Ever since 1976, SCOTUS has interpreted the quoted text of 28 U.S.C. §1251(a) not to mean that the Supreme Court must accept and try every case between two states, but rather to mean that if SCOTUS does not take the case then no other federal court can try the case either.  That 1976 case was Arizona v. New Mexico, and Justice Stevens dissented, saying (subject to an exception not important here), "I do not believe the comments which the Court has previously made about its nonexclusive original jurisdiction adequately support an order denying a State leave to file a complaint against another State."  Stevens took a similar position in the 1981 case of California v. West Virginia: "The fact that two sovereign States have been unable to resolve this matter without adding to our burdens does not speak well for the statesmanship of either party but does not, in my opinion, justify our refusal to exercise our exclusive jurisdiction under 28 U.S.C . 1251(a)."  Justice White took a similar position in the 1988 case of Louisiana v. Mississippi.
 
This controversy has not escaped the attention of published scholars.  For example, in a 1982 BYU Law Review comment, Julie Vick Stevenson wrote (at page 740): 
 
[I]t is clearly inappropriate to apply the 1251(b) discretionary test to section 1251(a)....The majority in Arizona v. New Mexico....based its decision on faulty analysis, applying the 1251(b) discretionary test to a 1251(a) situation....This course of action not only ignores the statutory distinction in section 1251, but also defeats the traditional purposes of the article III grant of original jurisdiction to the Supreme Court.
 
As Julie Vick Stevenson urged, let's consider the full text of 28 U.S.C. 1251:
 
(a) The Supreme Court shall have original and exclusive jurisdiction of all controversies between two or more States.

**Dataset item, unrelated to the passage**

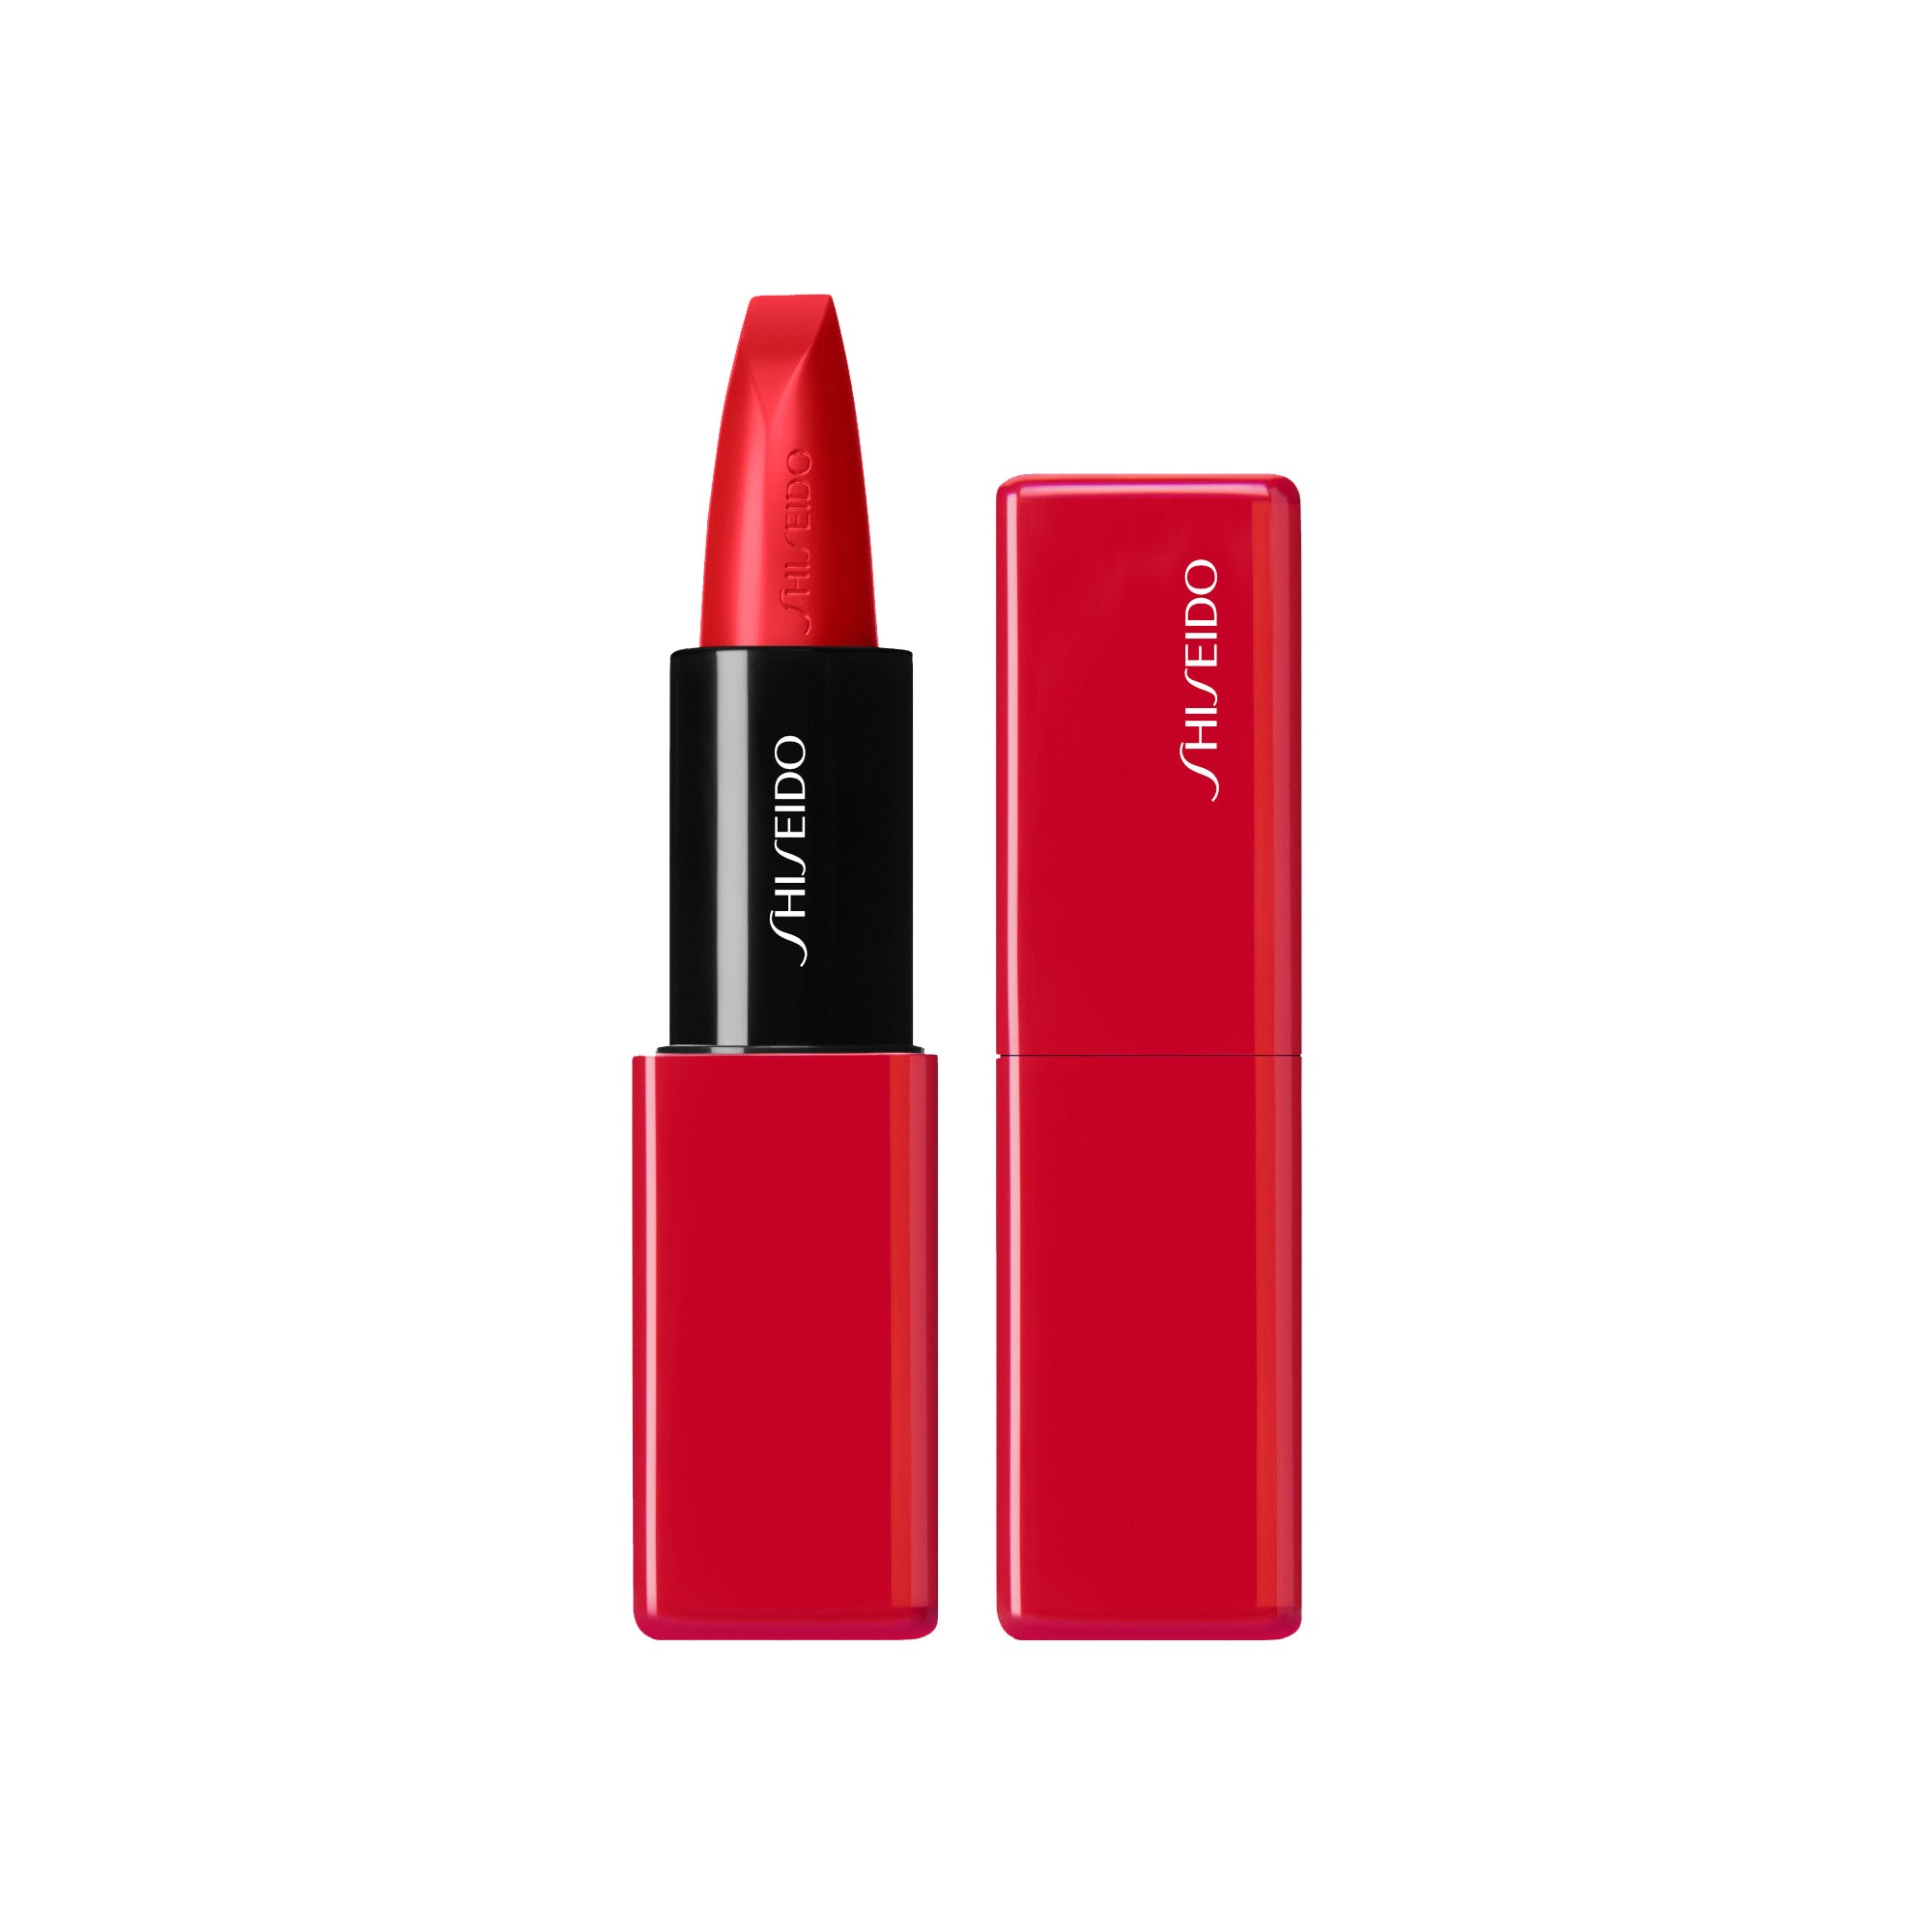 Shiseido TechnoSatin Long Lasting & Hydrating Gel Lipstick short circuit

(b) The Supreme Court shall have original but not exclusive jurisdiction of:
(1)All actions or proceedings to which ambassadors, other public ministers, consuls, or vice consuls of foreign states are parties;
(2) All controversies between the United States and a State;
(3)ll actions or proceedings by a State against the citizens of another State or against aliens.
 
It is a very strange reading of this statute that attributes to Congress the intention to completely prohibit U.S. District Courts from trying a case between two states, merely because the U.S. Supreme Court won't be bothered to try the case.  A vastly more plausible interpretation is, as Julie Vick Stevenson urged, that 28 USC 1251(a) entitles two states to appear in the Supreme Court for trial, whereas 28 USC 1251(b) gives the Supreme Court discretion whether to operate as a trial court. This distinction in 28 USC 1251 dates all the way back to the Judiciary Act of 1789:
 
Sec. 13.  And be it further enacted, that the Supreme Court shall have exclusive jurisdiction of all controversies of a civil nature, where a state is a party, except between a state and its citizens; and except also between a State and citizens of other states, or aliens, in which latter case it shall have original but not exclusive jurisdiction.
 
Just like when you consider 28 USC 1251(a) in context of the whole section, this whole section of the Judiciary Act makes clear that it is not prohibiting the lower federal courts from trying any of the cases described just because the judges of the Supreme Court do not want SCOTUS to do it.  Such was the consistent understanding and practice from 1789 to 1976, and I am not aware that anyone has ever suggested any reason why the framers of the Judiciary Act would possibly have wanted any case between states to be tried only in state court and not in federal court, at the mere discretion of SCOTUS.